A Data Frame Abstraction Layer for SparkR

Slides PDF Video

The data frame is a fundamental construct in R programming and is one of the primary reasons why R has become such a popular language for data analysis. In Spark 1.3, SparkSQL received its own implementation of the data frame concept which extends the SchemaRDD with additional methods that enable more intuitive data manipulation. The similarities between R’s data frame and its analogue in SparkSQL represent a clear opportunity for development within the SparkR project. A natural, and proven, path forward is to create R bindings to the existing Spark DataFrame API and extend it to work with R’s traditional data frame syntax. With DataFrame support, we expose new functionality that allows R programmers to quickly become proficient at working with large, distributed datasets in Spark . In this talk, we describe how this was accomplished and provide a demonstration of the enhanced functionality in SparkR.

Photo of Chris Freeman

About Chris

Chris Freeman is a Content Engineer at Alteryx and works on the development of new tools and macros for the Alteryx Desktop product. He is also one of the contributors to the SparkR project and is one of the primary developers working on Alteryx’s integration of Apache Spark via the R language. Chris holds a Master’s degree in Economics from the University of North Texas and worked as a data analyst in the marketing industry prior to joining Alteryx.

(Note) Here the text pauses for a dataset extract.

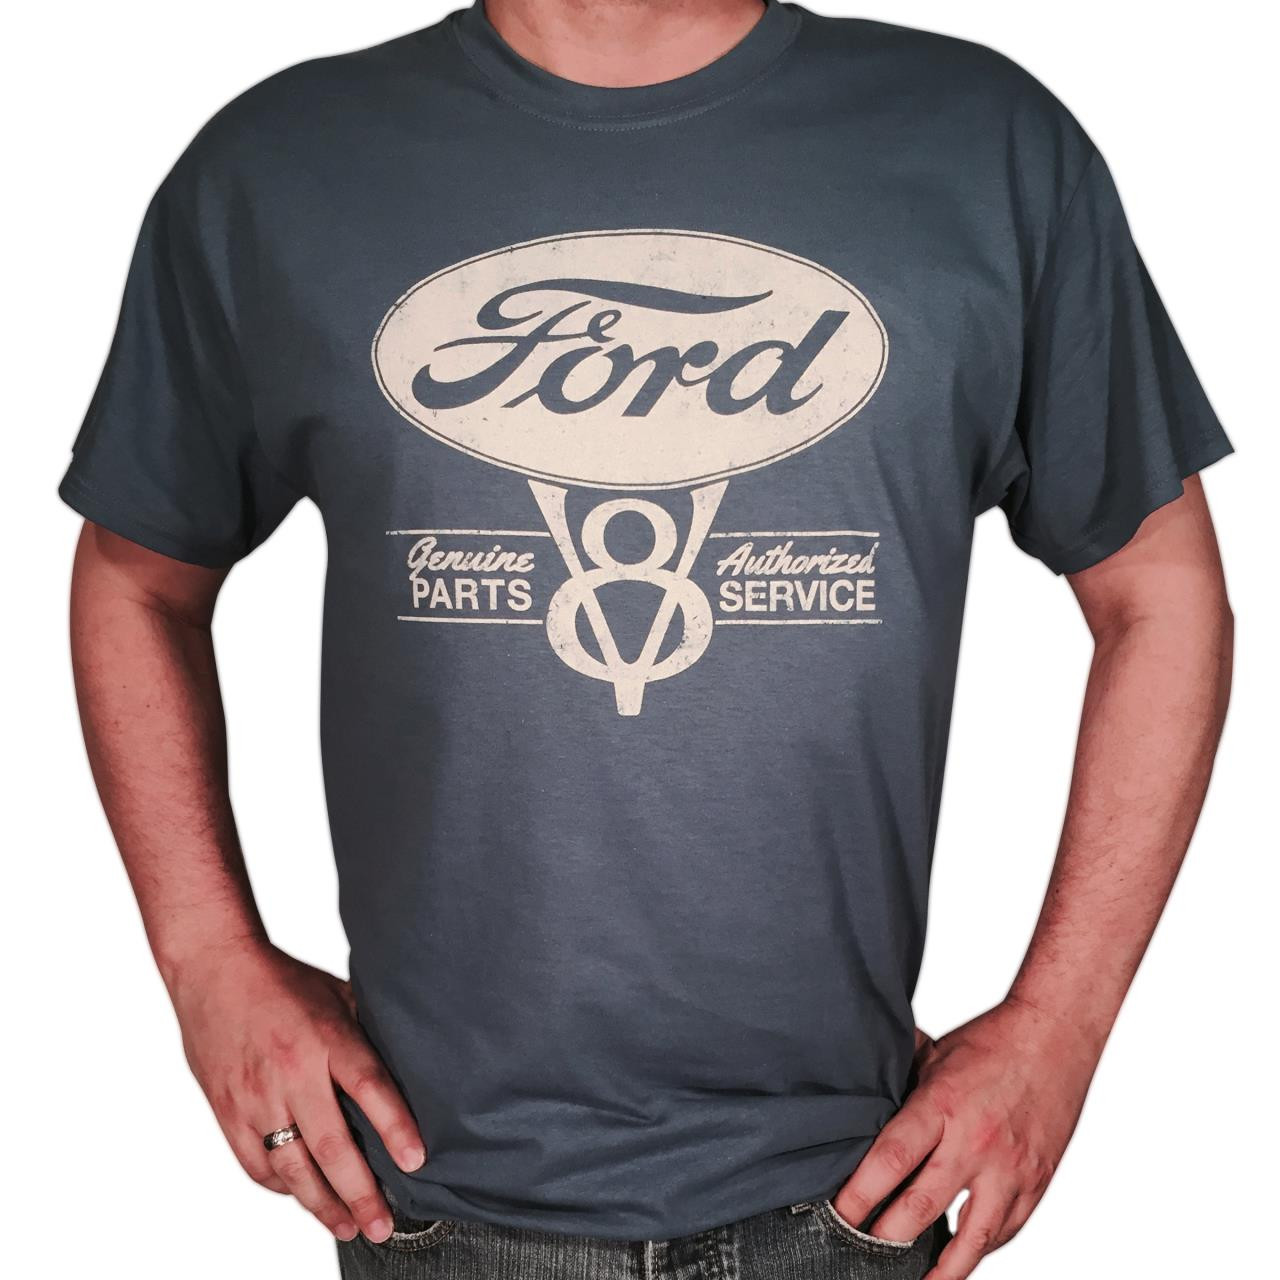 New Licensed Men's T-Shirt Genuine Ford Parts Sold Here 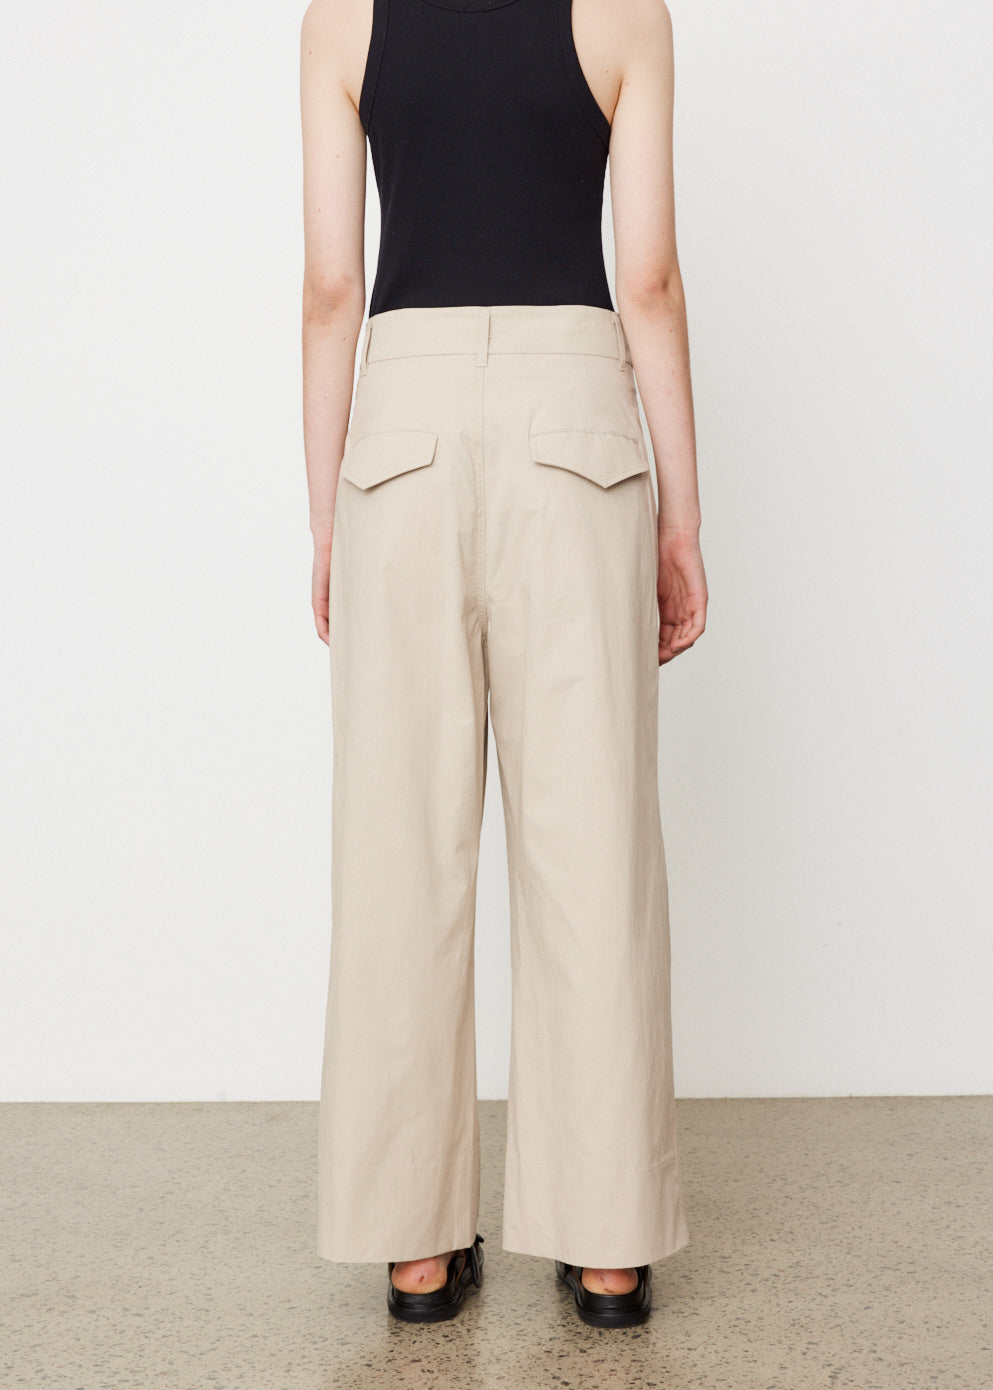 ASOS EDITION pleat front pants in ivory  ASOS

Photo of Shivaram Venkataraman

About Shivaram

Shivaram Venkataraman is a fourth year PhD student at the University of California, Berkeley and works with Mike Franklin and Ion Stoica at the AMP Lab. He is a committer on the Apache Spark project and his research interests are in designing systems for large scale machine-learning. Before coming to Berkeley, he completed his M.S at the University of Illinois, Urbana-Champaign and worked as a Software Engineer at Google.